If you want to read the whole story, you’ll have to go back to the original site. We see this as a partnership of sorts, even though it’s not formal. And as you grow traffic for other sites by way of how you aggregate their content, they often do the same for you.

The New Yorker ran a story on the psychology of online comments. Do you think trolls compromise or weaken journalists’ storytelling?

Yes, I do. Trolls are a drag. They, first of all, and probably most importantly, divert the healthy conversation, dialogue and constructive criticism. The potential for people to be heard gets eclipsed by trolls and that, of course, is their intention. On the other hand, I think savvy online editors recognize that there’s only so much intimidation you can deal with.

For example, all of our Trayvon Martin coverage was trolled. Just vitriol, incredibly painful, racist commentary. That said, nothing was going to stop us from finding the best take on all Trayvon Martin-related news and information. You just kind of have to exist in the world with them, keep your content above the fray and encourage your audience not to be intimidated because the brilliant ideas and thoughts that come out in community often inform editorial decisions.

You can learn something by way of the dialogue that happens on your pages. But I would be remiss if I wasn’t truthful about the fact that you think about how people respond to things as you create. I try not to let that kind of negative energy or intention take us off our path. There have been personal attacks on virtually all of us on the site. It’s part of the job. The democracy that digital media offers all of us comes with some really damning qualities.

In your 22 years of being a journalist and a writer, what story encompasses your legacy?

The story that changed my life is the story I worked on with a woman named Janet Mock. I wrote it two years ago for Marie Claire. It’s not even the best story I’ve ever written, but it’s the most impactful. Janet is a transgendered woman who trusted me enough with her personal truth to come out to the world by way of the piece that I did. It forced me to have a new set of eyes because of the vulnerability that she was willing to display when she didn’t have to tell a soul.

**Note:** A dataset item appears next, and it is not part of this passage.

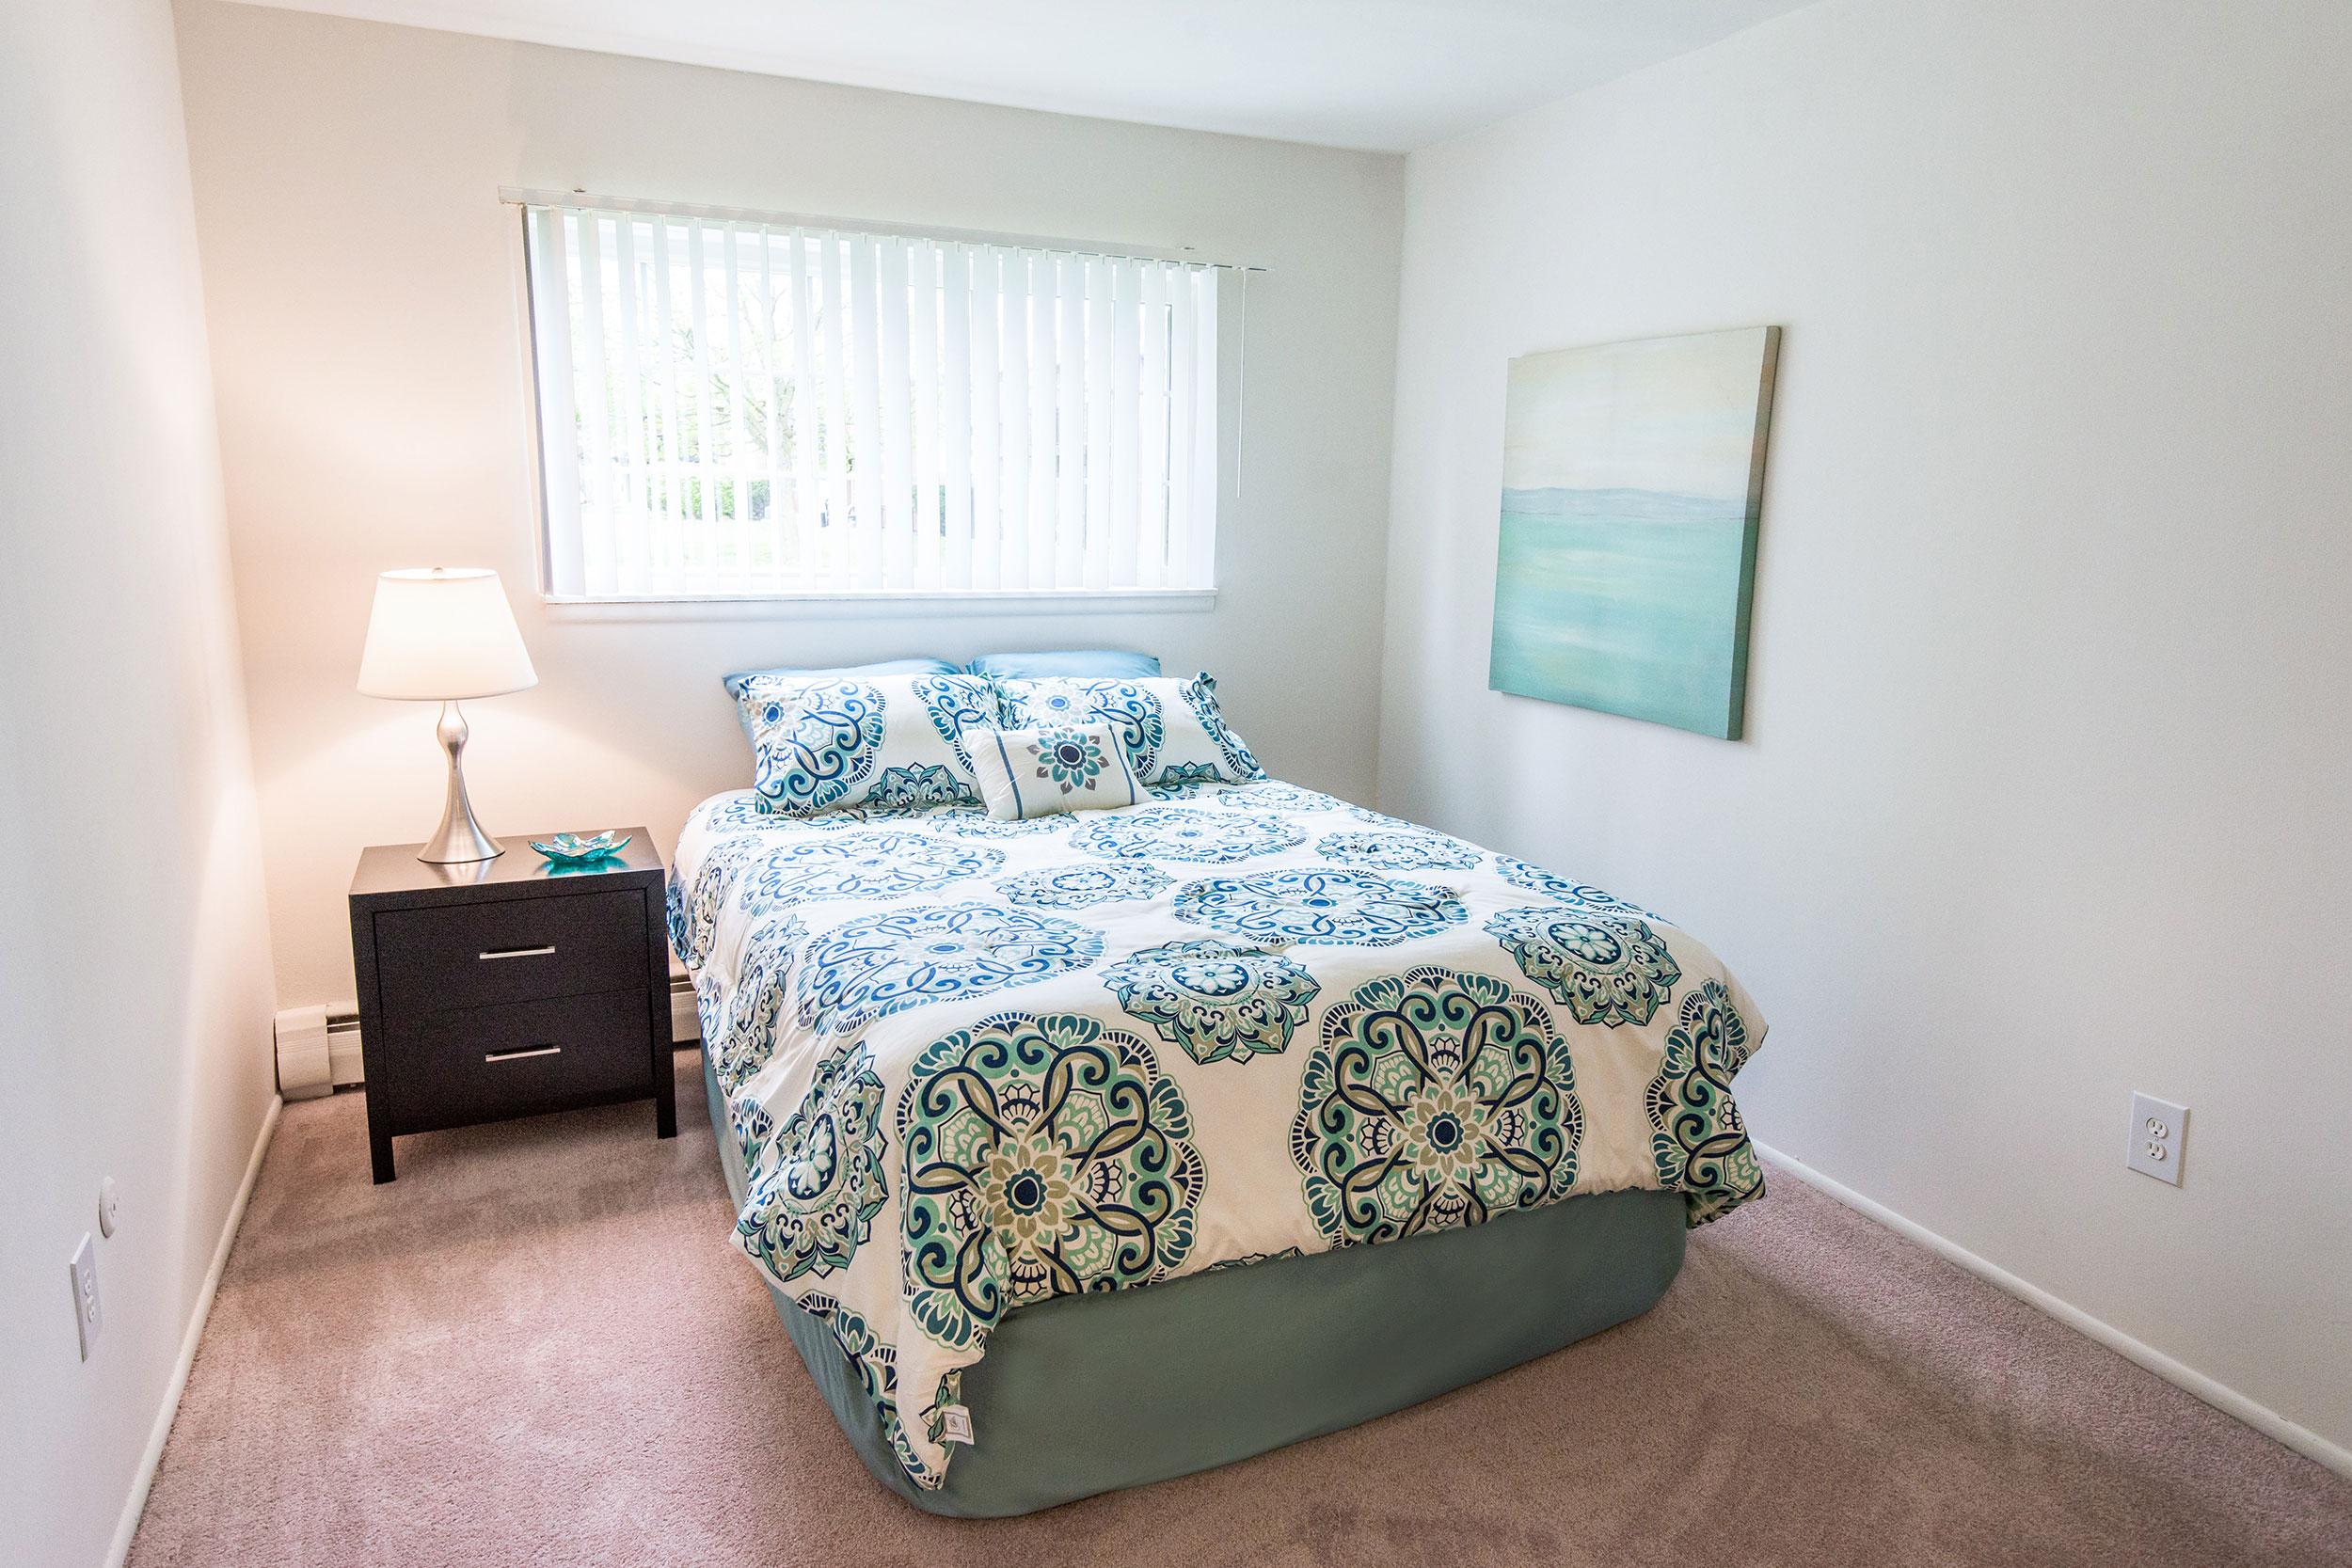 Tv-20860-20bedroom-20ll-2

This is a person who, at the time, was an editor at People.com. Most people didn’t know her story. Her bravery was so humbling that I really had to check myself around fear and ask myself some questions about how I’ve let it hold me back. Here I was dealing with someone whose entire life was about to change forever and she was trusting me. It was a radical experience.

The other thing was the specifics of the story. I had never had a person tell me about what it feels like to have gender-reassignment surgery. I had never been sitting on the couch with someone who invited me into their home and showed me pictures of them as a child of a different gender. Like so many people, my stereotypes, assumptions and humanity were challenged.

Janet, in the last two years, has gone on to become a very outspoken role model and spokesperson for her transgender community. She’s so beautiful inside and out, most people who encounter her post coming out are floored by it all and changed as well. I take personal joy in my role in that.

This interview has been edited for length and clarity.